Why are there sheep and ponies on our Forest of Dean nature reserves?

Friday 3rd November 2017

Ponies grazing at The Park nature reservePonies grazing at The Park nature reserve

The Forest of Dean is one of the most important areas for wildlife in the UK. Find out about why we're reintroducing traditional grazing, using ponies and sheep, on a number of our sites at a special event on Sunday 12 November at 2pm at Forest High School ‘Spotlight’ Assembly Hall in Cinderford.

You will hear from the Forestry Commission and Gloucestershire Wildlife Trust about the benefits of conservation grazing and how it will be delivered, as well as having the opportunity to go on a guided walk around Edgehills nature reserve to see how conservation grazing works in practice.

The Forest of Dean is one of the most important areas for wildlife in the UK, supporting habitats and species of national and European significance.

Over the next five years Foresters’ Forest, a £2.5m Heritage Lottery Funded Landscape Partnership Programme to raise awareness and participation in the built, natural and cultural heritage in the Forest of Dean, aims to conserve and enhance wildlife in the Forest by creating areas of open habitat, especially heathland, and maintaining it through grazing using a variety of livestock.

Since the reduction of natural grazing animals the Forest has seen a decline in species such as the small pearl-bordered fritillary butterfly, which formerly occurred at over 50 sites in the Forest. Sadly, it is now only found on two nature reserves due to the loss of open habitat.

Three nature reserves, currently managed by Gloucestershire Wildlife Trust, have been identified for expansion – Wigpool, Woorgreens and Edgehills. These reserves have been selected as they already centre on established heathland, with wildlife that would benefit the most from the introduction of conservation grazing to link existing habitats, making the reserves larger and more viable.

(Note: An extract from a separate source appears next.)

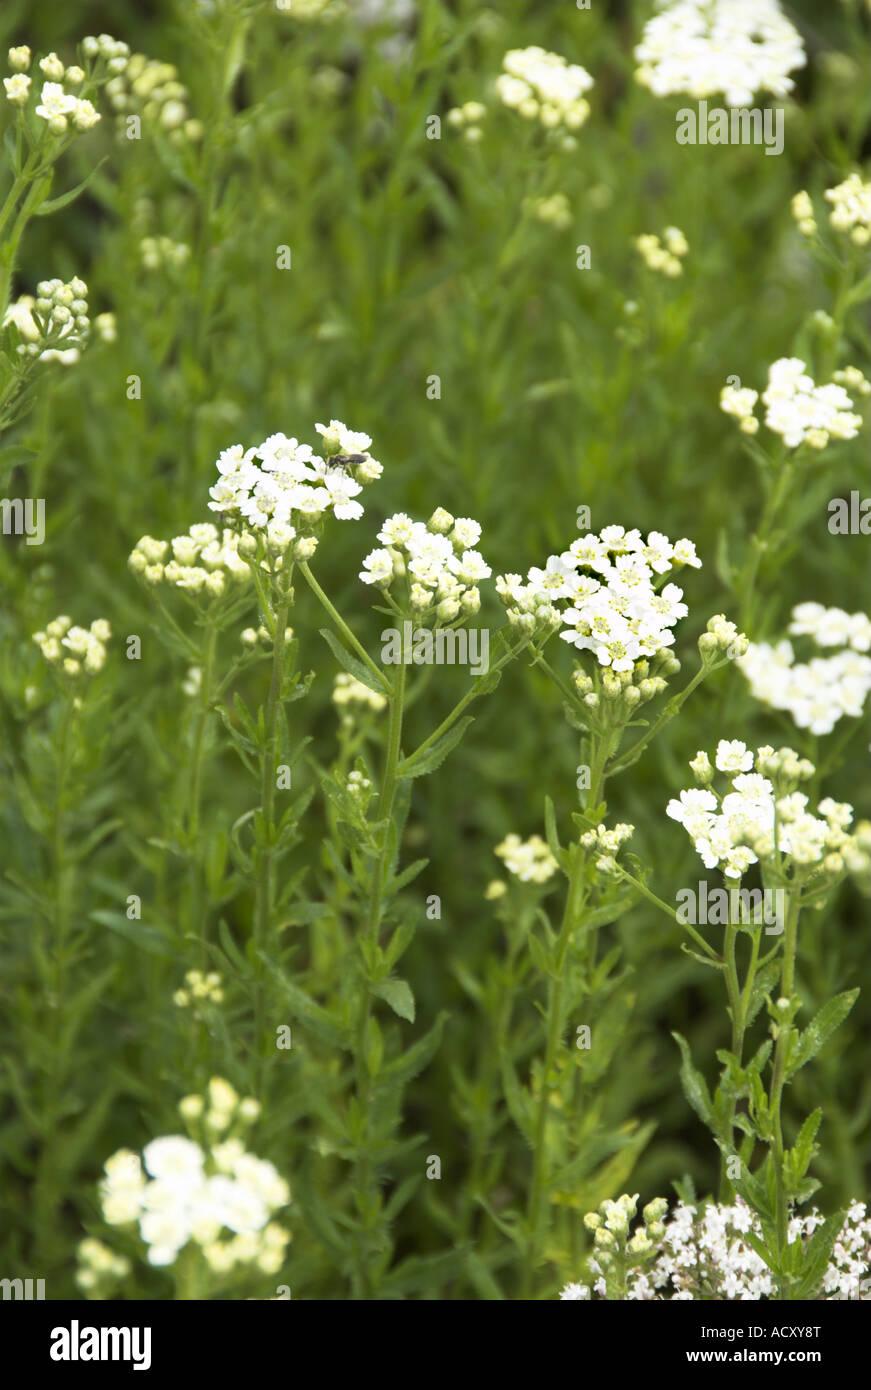 Herb English Mace achillea decolorans Stock Photo: 13249367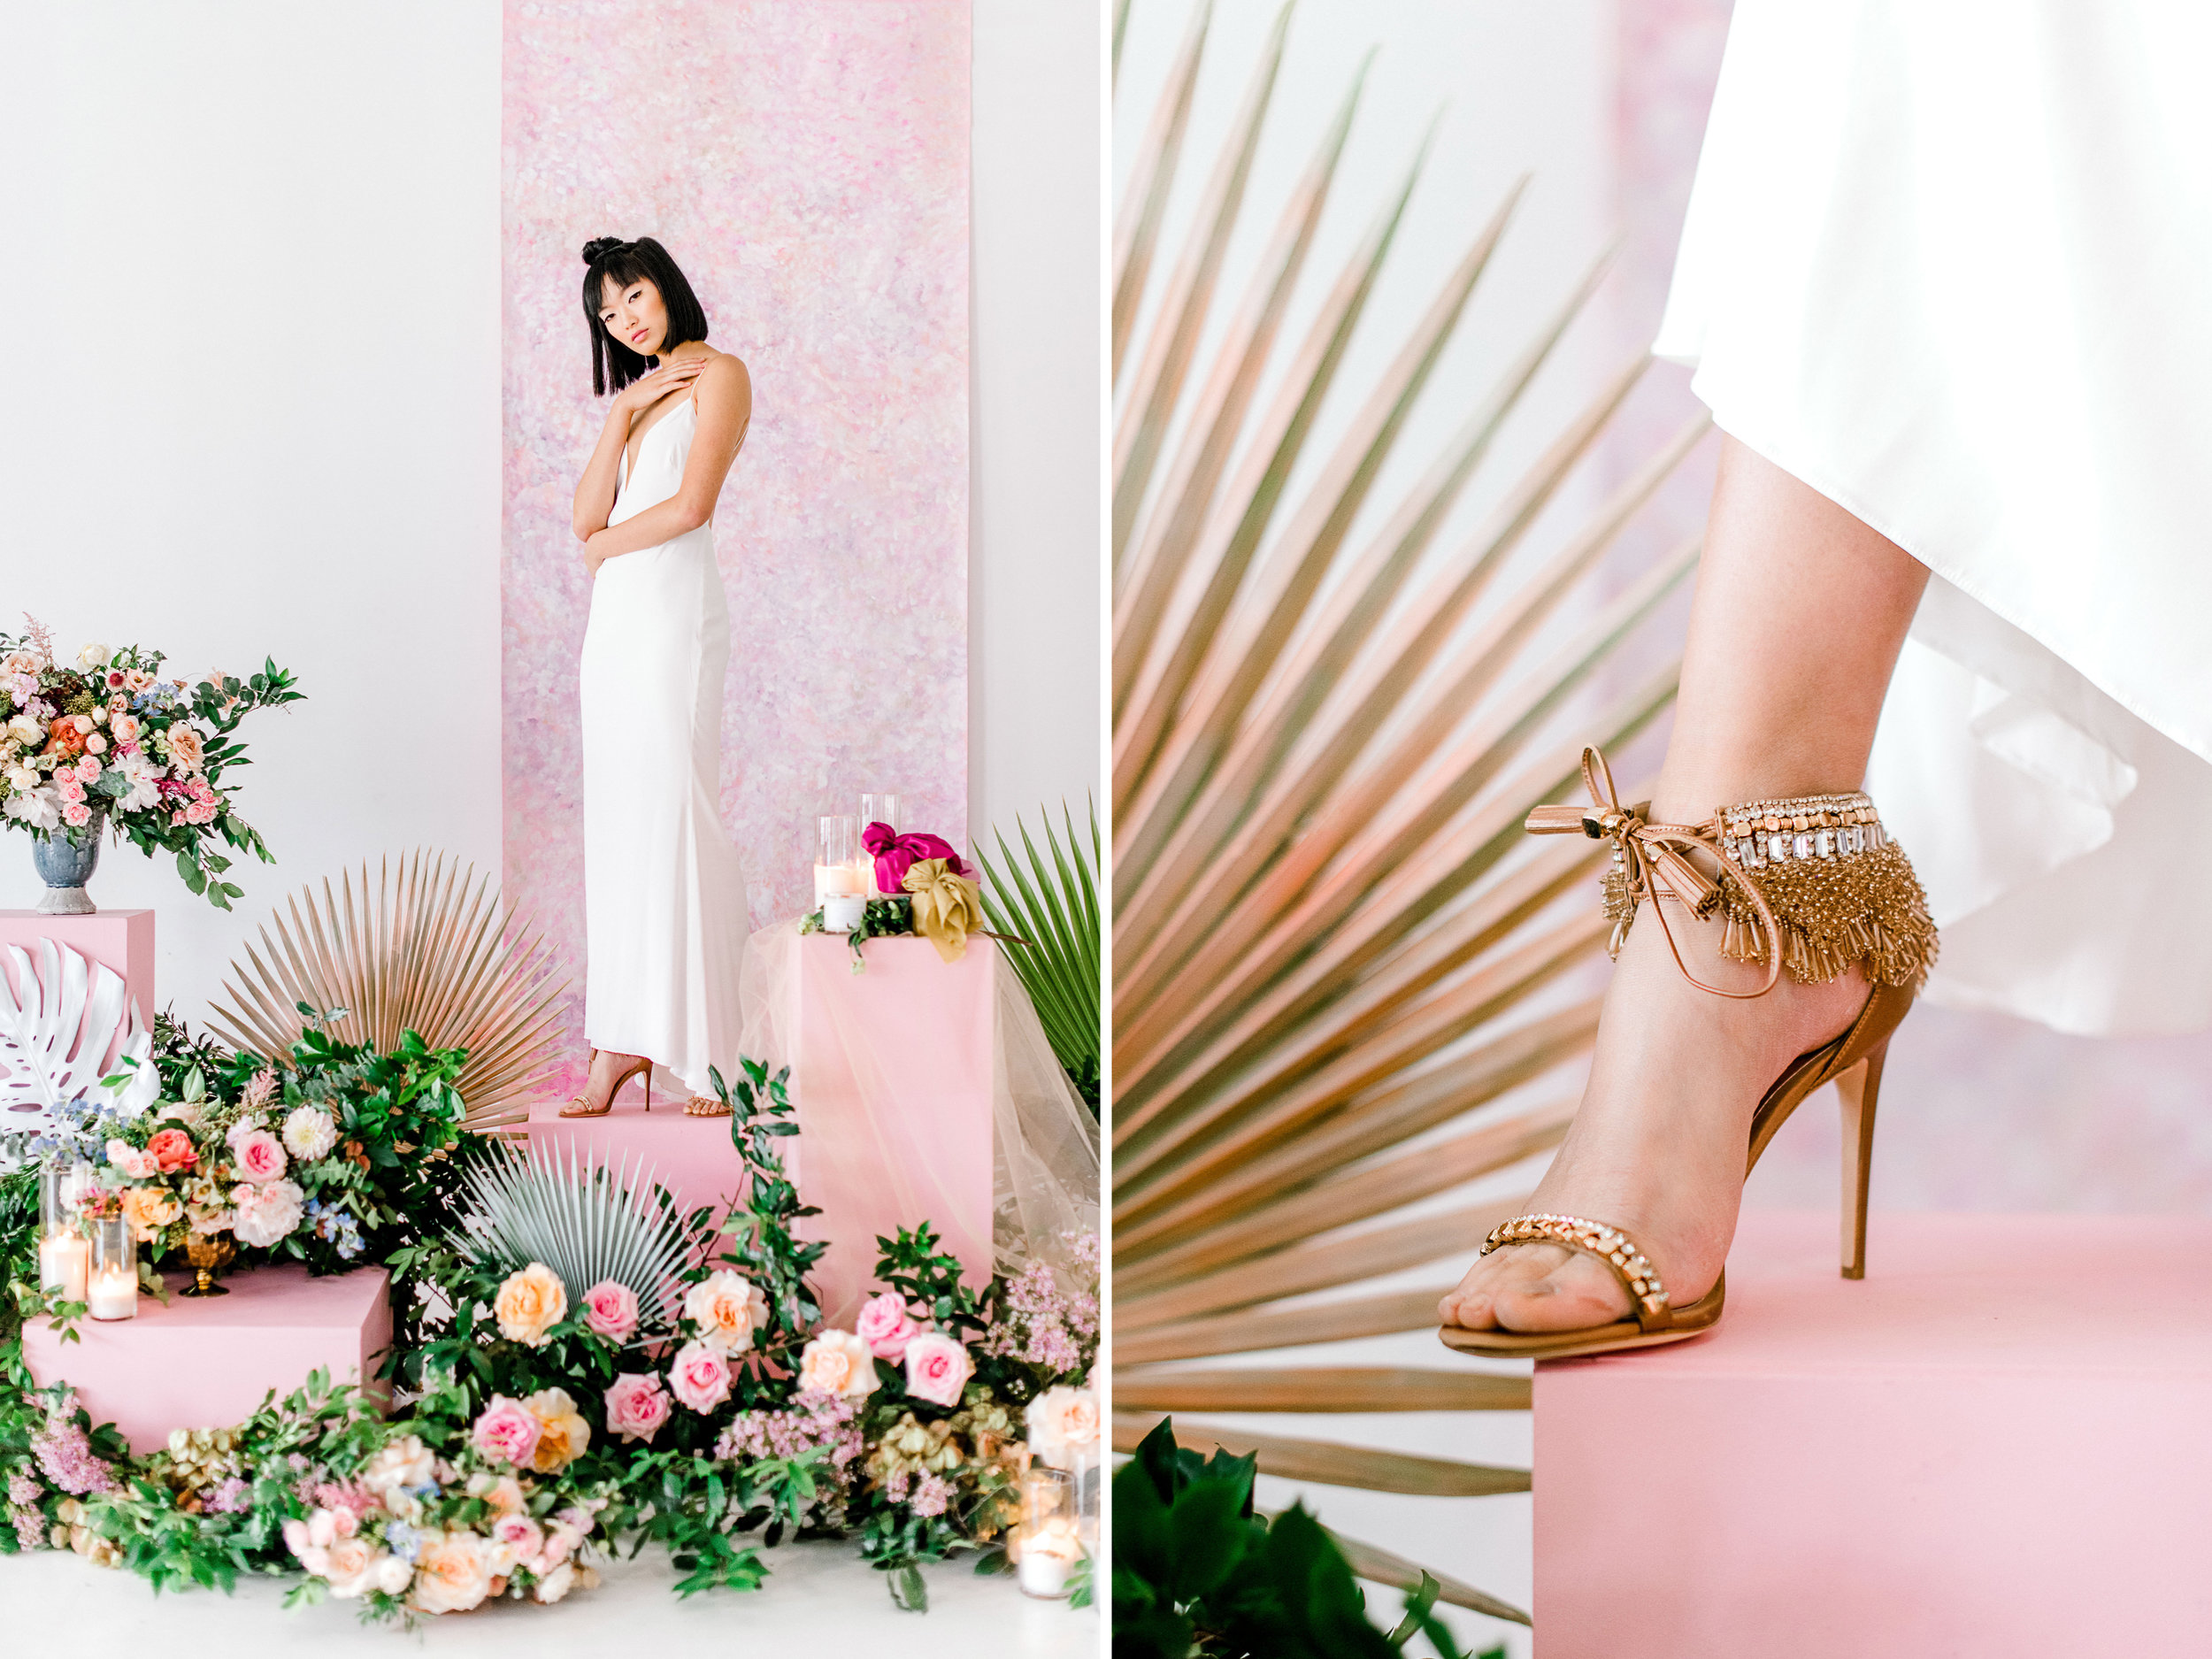 Houston-Wedding-Photographer-Editorial-Fine-Art-Film-Destination-Dallas-Texas-Mibellarosa-Josh-Dana-Fernandez-Photography-101.jpg

“The Foresters’ Forest project has enabled our work to restore these nature reserves to leap forward. We have trialled the use of Exmoor ponies and Hebridean sheep at two of our nature reserves, including Edgehills, and look forward to developing the Conservation Grazing project,” says Kevin Caster, Gloucestershire Wildlife Trust nature reserve manager.

Rebecca Wilson, Forestry Commission, Head of Planning & Environment, said: “The Forestry Commission are welcoming this exciting opportunity to return grazing animals into the Forest of Dean, creating a diverse and interesting mosaic of open and wooded habitat for the benefit of both people visiting the site and rare wildlife including nightjar and woodlark.”

Please come along to the meeting to find out more about conservation grazing and how you can get involved, plus hear more about the wider Foresters’ Forest programme. Tea / coffee and cake will be available, and anyone wishing to go on the guided walk is advised to wear sturdy shoes and warm clothing.